Start of INFORMATION SHOWN
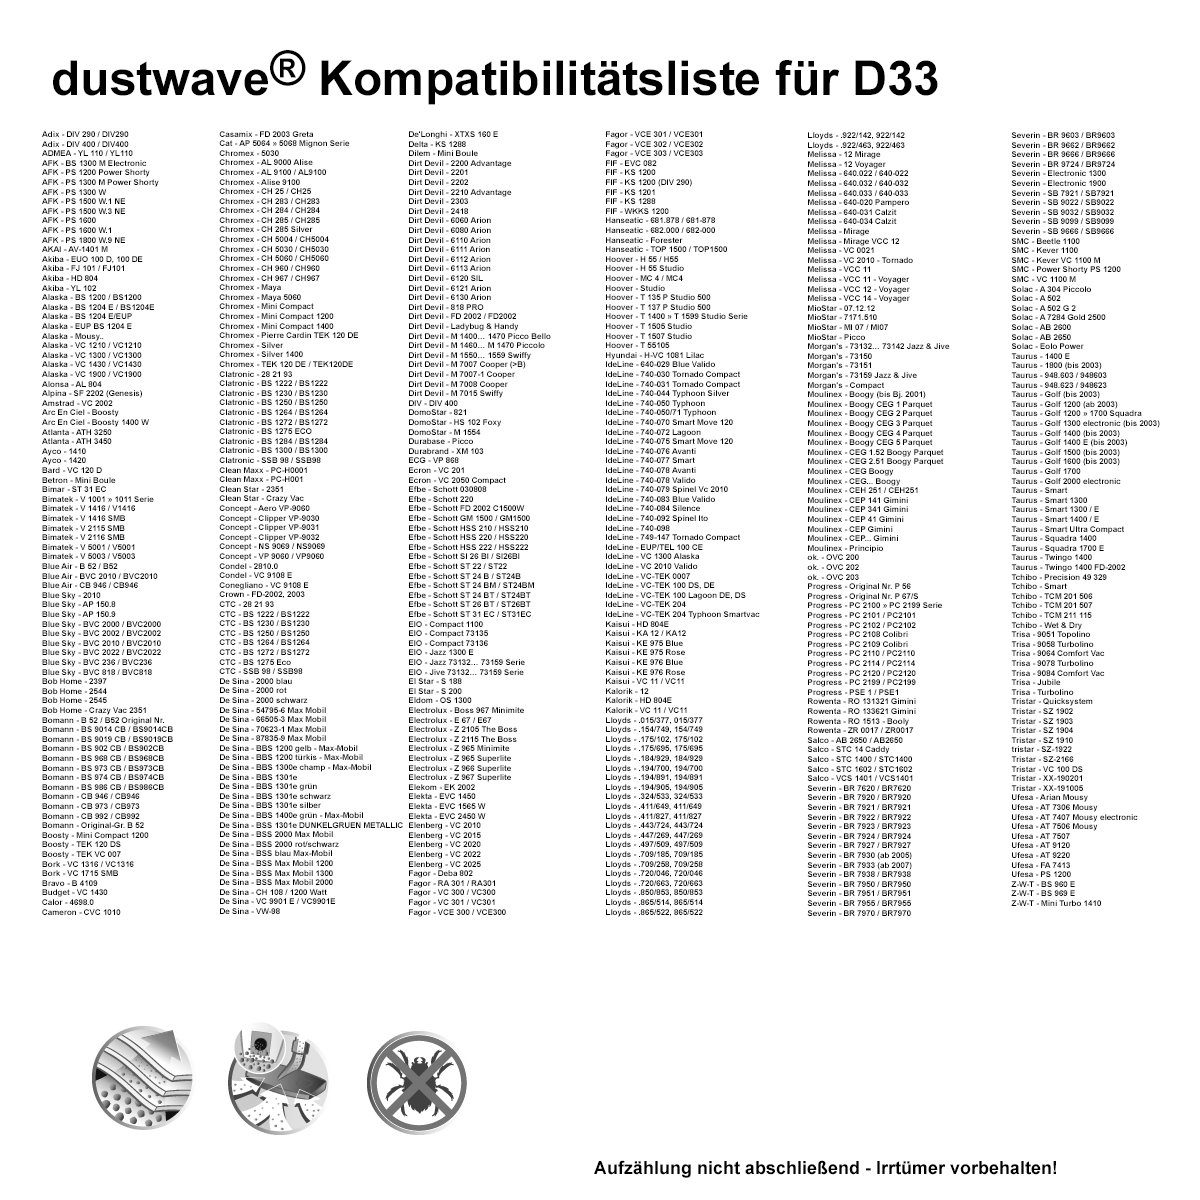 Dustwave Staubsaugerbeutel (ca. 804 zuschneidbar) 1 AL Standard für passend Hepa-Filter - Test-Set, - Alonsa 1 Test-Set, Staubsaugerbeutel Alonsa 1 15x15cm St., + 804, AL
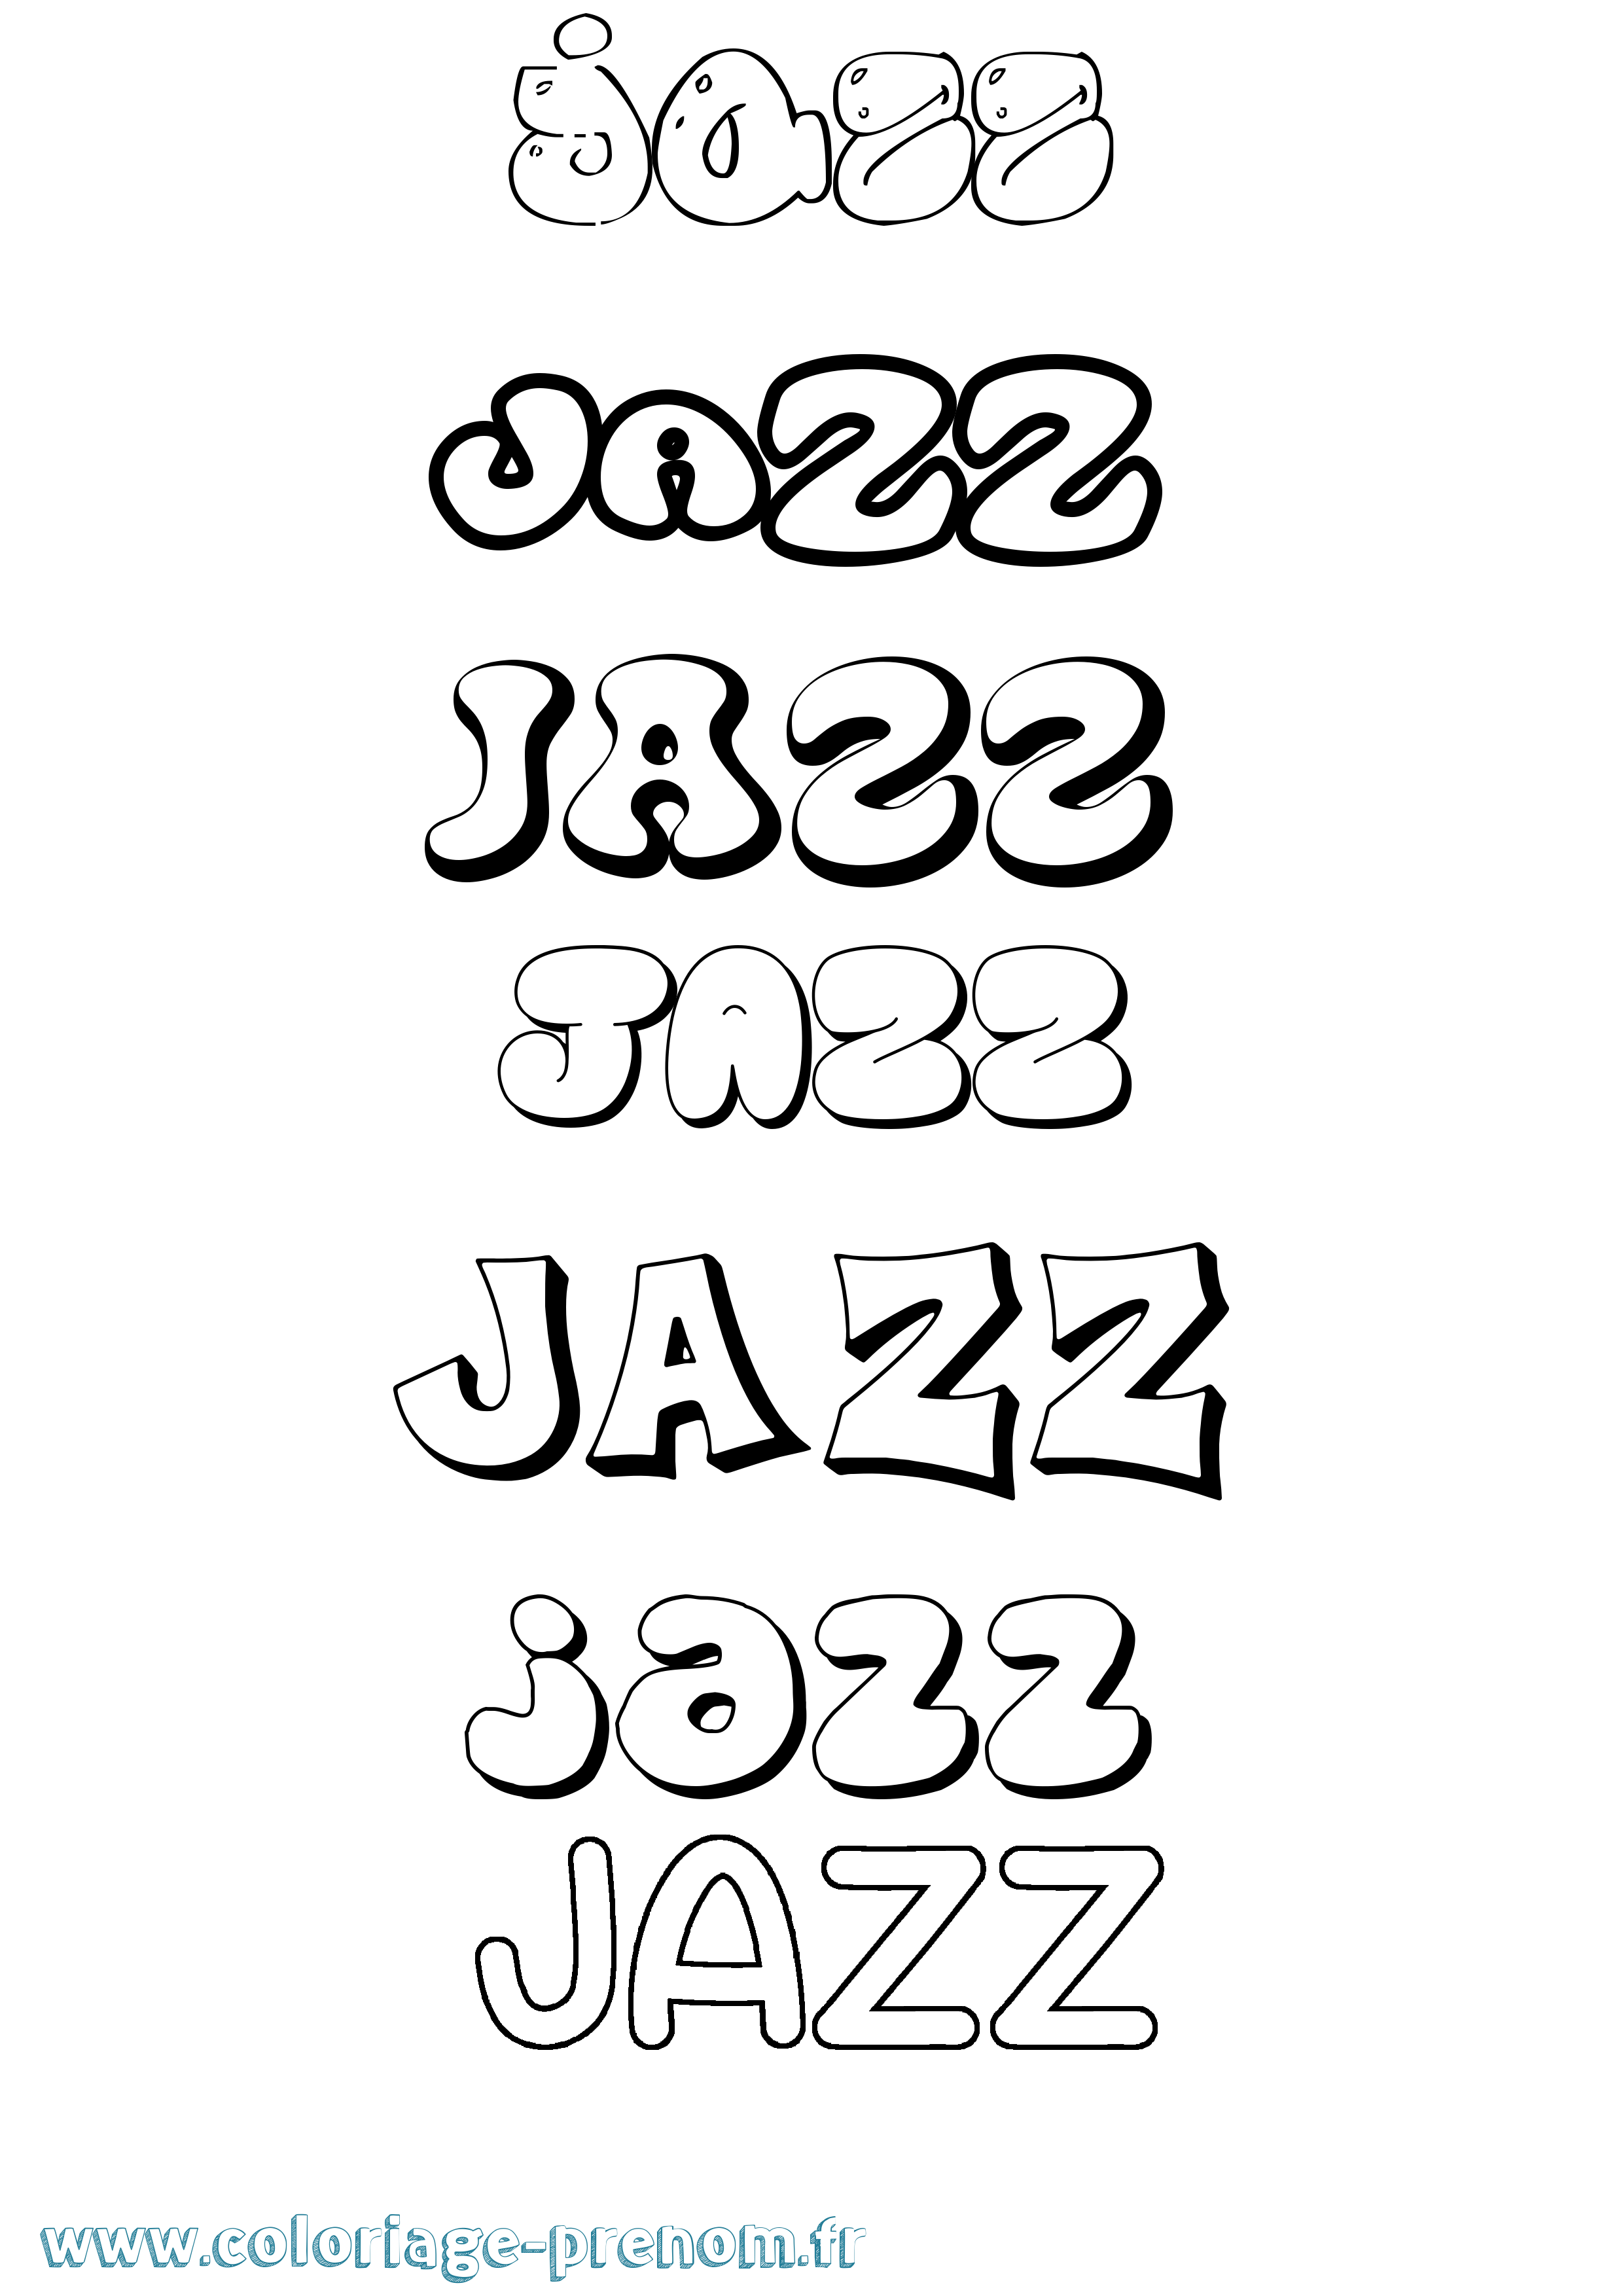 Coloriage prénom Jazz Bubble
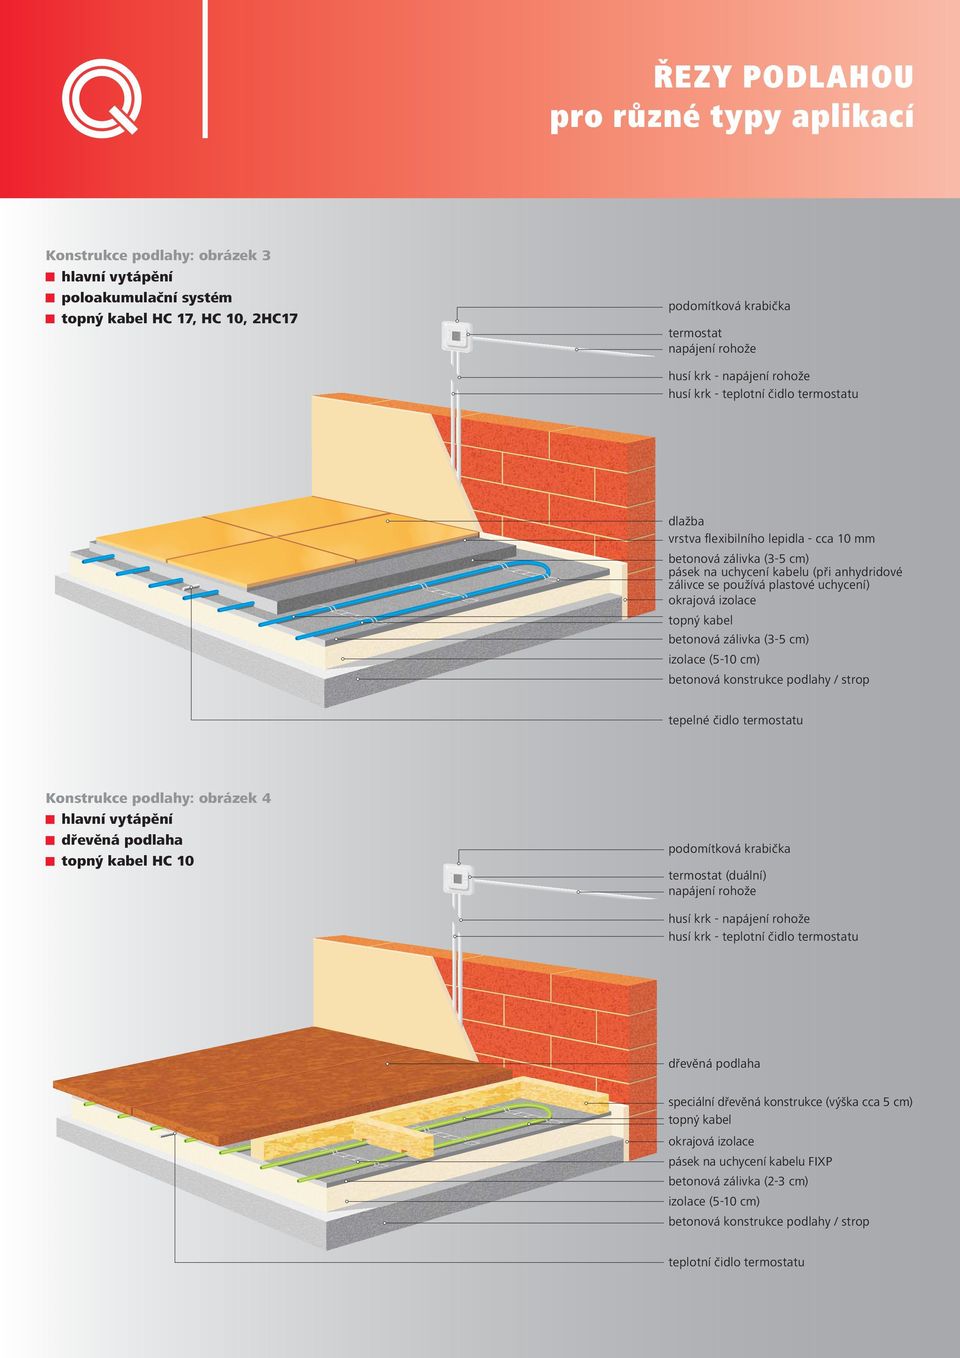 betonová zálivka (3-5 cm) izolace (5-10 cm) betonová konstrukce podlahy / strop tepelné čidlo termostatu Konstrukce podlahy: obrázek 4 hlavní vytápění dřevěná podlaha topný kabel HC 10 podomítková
End of INFORMATION SHOWN
WHAT YOU ARE ASKED TO DO » The pictures stay out; copy the rest of the data word for word.

THE COMPLETED TASK »
 Dustwave Staubsaugerbeutel (ca. 804 zuschneidbar) 1 AL Standard für passend Hepa-Filter - Test-Set, - Alonsa 1 Test-Set, Staubsaugerbeutel Alonsa 1 15x15cm St., + 804, AL
 Coloriage prénom Jazz Bubble
 betonová zálivka (3-5 cm) izolace (5-10 cm) betonová konstrukce podlahy / strop tepelné čidlo termostatu Konstrukce podlahy: obrázek 4 hlavní vytápění dřevěná podlaha topný kabel HC 10 podomítková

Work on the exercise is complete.